On Mon, Jun 12, 2023 at 1:21 PM Daniel Bristot de Oliveira
<bristot@xxxxxxxxxx> wrote:
[...]
> > On Thu, Jun 8, 2023 at 11:58 AM Daniel Bristot de Oliveira
> > <bristot@xxxxxxxxxx> wrote:
> >>
> >> From: Juri Lelli <juri.lelli@xxxxxxxxxx>
> >>
> >> Starting deadline server for lower priority classes right away when
> >> first task is enqueued might break guarantees, as tasks belonging to
> >> intermediate priority classes could be uselessly preempted. E.g., a well
> >> behaving (non hog) FIFO task can be preempted by NORMAL tasks even if
> >> there are still CPU cycles available for NORMAL tasks to run, as they'll
> >> be running inside the fair deadline server for some period of time.
> >>
> >> To prevent this issue, implement a starvation monitor mechanism that
> >> starts the deadline server only if a (fair in this case) task hasn't
> >> been scheduled for some interval of time after it has been enqueued.
> >> Use pick/put functions to manage starvation monitor status.
> >
> > Me and Vineeth were discussing that another way of resolving this
> > issue is to use a DL-server for RT as well, and then using a smaller
> > deadline for RT. That way the RT is more likely to be selected due to
> > its earlier deadline/period.
>
> It would not be that different from what we have now.
>
> One of the problems of throttling nowadays is that it accounts for a large window
> of time, and any "imprecision" can cause the mechanism not to work as expected.
>
> For example, we work on a fully-isolated CPU scenario, where some very sporadic
> workload can be placed on the isolated CPU because of per-cpu kernel activities,
> e.g., kworkers... We need to let them run, but for a minimal amount of time, for
> instance, 20 us, to bound the interference.
>
> The current mechanism does not give this precision because the IRQ accounting
> does not account for runtime for the rt throttling (which makes sense).

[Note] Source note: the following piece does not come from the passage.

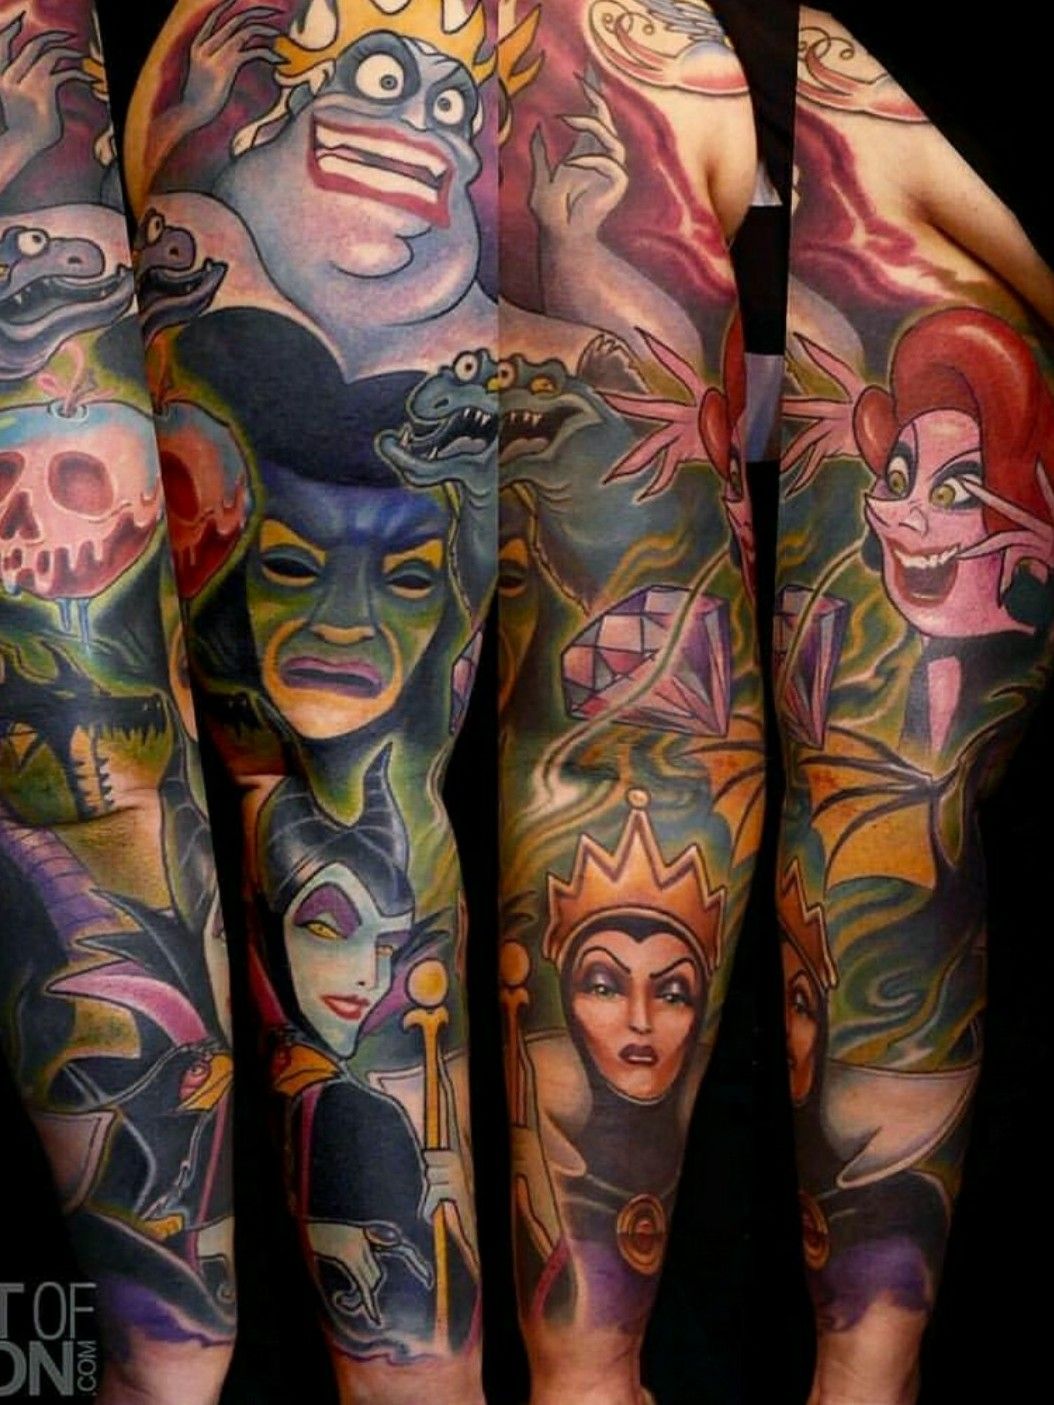 Disney Villain Tattoos  Tattoo Ideas Artists and Models  Disney villains  Artists and models Villain

I lost you here, "Runtime for the rt throttling" does not make much
sense to me as a statement.

> So the
> RT throttling has the 20 us stolen from IRQs and keeps running. The same will
> happen if we swap the current mechanism with a DL server for the RT.

I read this about 10 times to learn that *maybe* you mean that IRQs
stole time from the "Well behaved running time" of the RT class. I am
not seeing how that is related to creation of a DL-server for the RT
class. Maybe describe your point a bit more clearly?

>
> Also, thinking about short deadlines to fake a fixed priority is... not starting
> well. A fixed-priority higher instance is not a property of a deadline-based
> scheduler, and Linux has a fixed-priority hierarchy: STOP -> DL -> RT -> CFS...
> It is simple, and that is good.
>
> That is why it is better to boost CFS instead of throttling RT. By boosting
> CFS, you do not need a server for RT, and we account for anything on top of CFS
> for free (IRQ/DL/FIFO...).

I did mention in my last email that it is not ideal. I just brought it
up as an option. It might reduce the problem being seen and is better
than not having it.

> > Another approach could be to implement the 0-laxity scheduling as a
> > general SCHED_DEADLINE feature, perhaps through a flag. And allow DL
> > tasks to opt-in to 0-laxity scheduling unless there are idle cycles.
> > And then opt-in the feature for the CFS deadline server task.
>
> A 0-laxity scheduler is not as simple as it sounds, as the priority also depends
> on the "C" (runtime, generally WCET), which is hard to find and embeds
> pessimism. Also, having such a feature would make other mechanisms harder, as
> well as debugging things. For example, proxy-execution or a more precise
> schedulability test...

I think you did not read my email properly, I was saying make the
0-laxity default-off and the opt-in for certain DL tasks. That may
work perfectly well for a system like ChromeOS where likely we will
use the DL server as the sole deadline task and opt-in for the
0-laxity. Then we don't need watchdog hacks at all and it all cleanly
works within the DL class itself. There are the drawbacks of the
pessimism/locking etc (I already knew that by the way as the obvious
drawbacks of 0-laxity) but I am not immediately seeing how this
CFS-watchdog with 0-laxity is any different from the DL-server itself
having such a property. If you really have a concrete point on why
that won't work, and if you could clarify that more clearly why a
watchdog is better than it, that would be great.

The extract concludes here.